Students from M.I.T. have devised a new and more efficient way to scour raw code for integer overflows, the troublesome programming bugs that serve as a popular exploit vector for attackers and often lead to the crashing of systems.
Researchers from the school’s Computer Science and Artificial Intelligence Laboratory (CSAIL) last week debuted the platform dubbed DIODE, short for Directed Integer Overflow Detection.
As part of an experiment, the researchers tested DIODE on code from five different open source applications. While the system was able to generate inputs that triggered three integer overflows that were previously known, the system also found 11 new errors.
Four of the 11 overflows the team found are apparently still lingering in the wild, but the developers of those apps have been informed and CSAIL is awaiting confirmation of fixes.
Integer overflows result when computers can’t store numbers – usually because they haven’t been sanity checked – in the memory that’s been allocated for them.
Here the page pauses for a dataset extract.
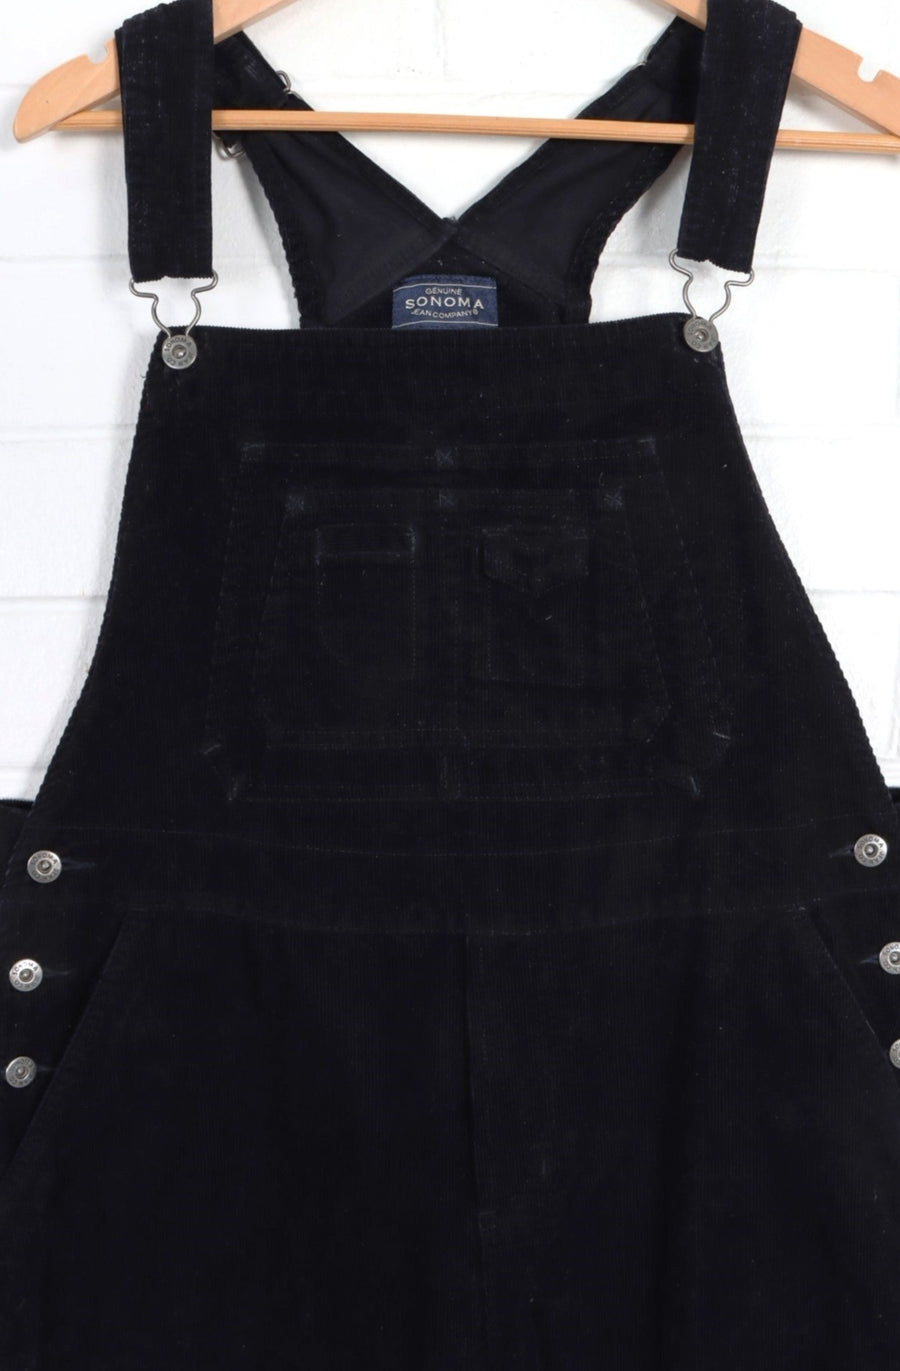 Black Multi Pocket Long Corduroy Overalls (L) - Vintage Sole Melbourne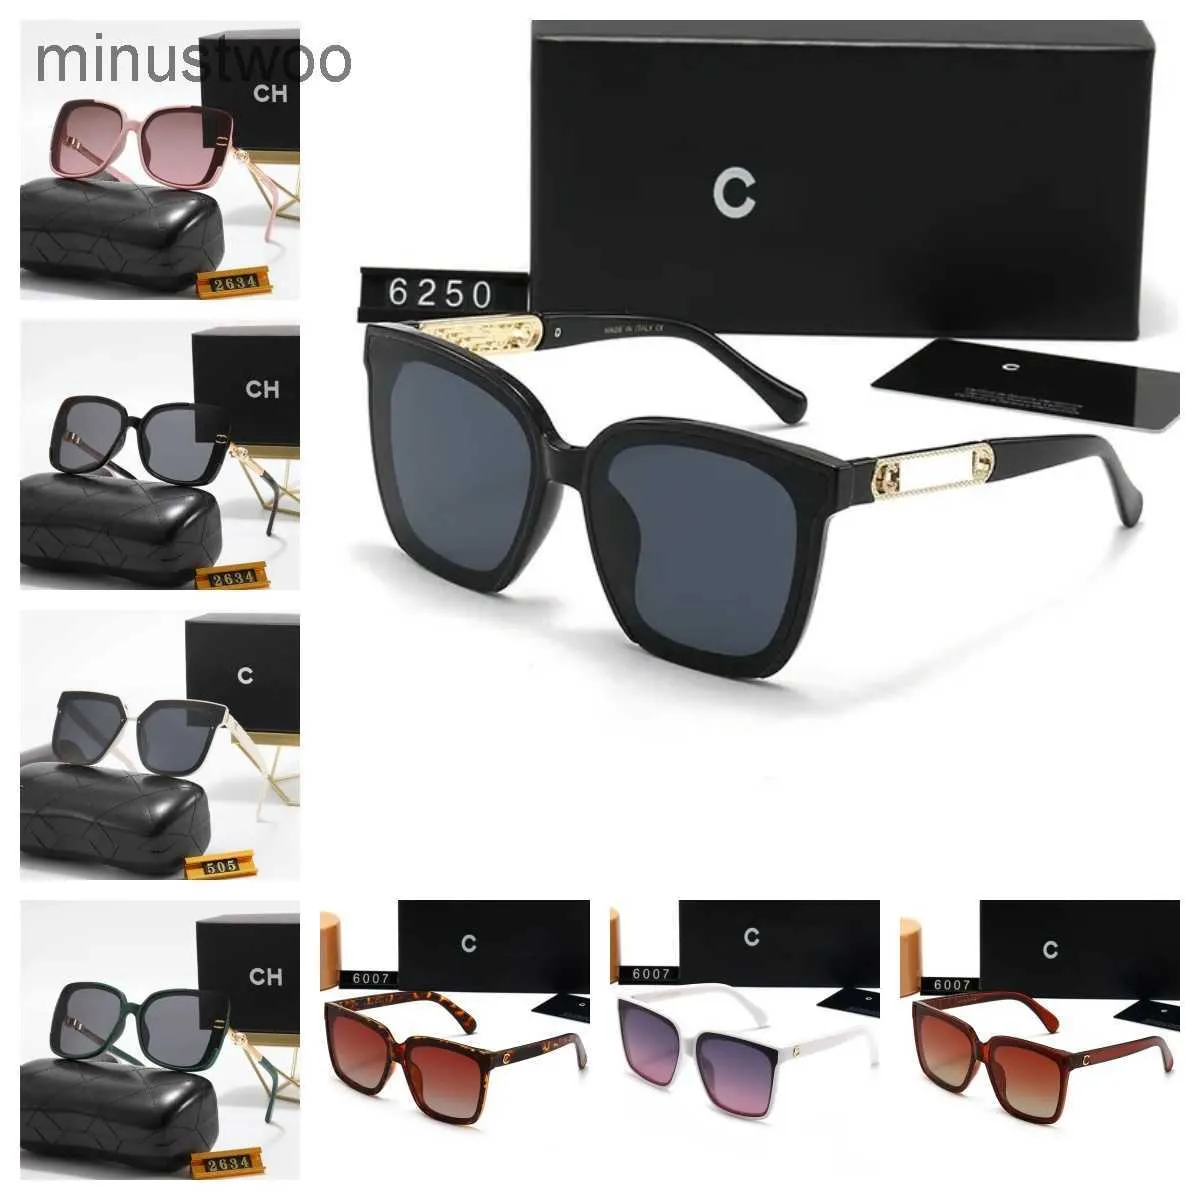 Mode CH Sonnenbrille Designer Sonnenbrille für Frauen Männer Ovale Sonnenbrille Klassische Buchstabe Design Debütantstil Stylish Glass Square Eye Außenrahmen UV 400

Sanity checks are simple queries to test functionality.
The seven researchers behind DIODE – Stelios Sidiroglou-Douskos, Eric Lahtinen, Nathan Rittenhouse, Paolo Piselli, Fan Long, Deokhwan Kim, and Martin Rinard – presented the system last week at the 20th ASPLOS (Architectural Support for Programming Languages and Operating Systems) conference in Istanbul.
The tool works by automatically generating inputs that trigger overflow errors at critical sites. DIODE, which is compatible with off-the-shelf x86 binaries, gets right to work and extracts target expressions and branch conditions for each memory allocation site.
As Stelios Sidiroglou-Douskos, a research scientist at CSAIL and the lead author of the paper writes, whenever DIODE stumbles upon an integer that may be used in a dangerous operation, the system records the current state of the symbolic expression. The system doesn’t trigger an overflow right off the bat, but characterizes the values around it to better inform the programmer. If DIODE finds a trigger value, it marks it down to help in any future debugging.
DIODE’s inputs should identify, then satisfy the requisite sanity checks and “generate an overflow in the target expression, and impose no other constraints on the specific path that the input takes to trigger the overflow,” according to Sidiroglou-Douskos.
DIODE, which was supported on behalf of a DARPA grant, isn’t the first debugging tool developed to dig up integer overflows. Researchers with CSAIL previously developed static analysis tools that, like SIFT (.PDF) which points out inputs that can lead to overflow errors and KINT, (.PDF) a PHP tool.
As the team’s academic paper points out however, unlike SIFT, which requires direct access to source code, DIODE works directly with stripped x86 code. The tool also bests KINT, which often generates a large number of false positives, by omitting false positives.
M.I.T. hopes to release DIODE to the public as open source after the program it’s being developed under, DARPA’s Mission-oriented Resilient Clouds (MRC) program, concludes in October 2015.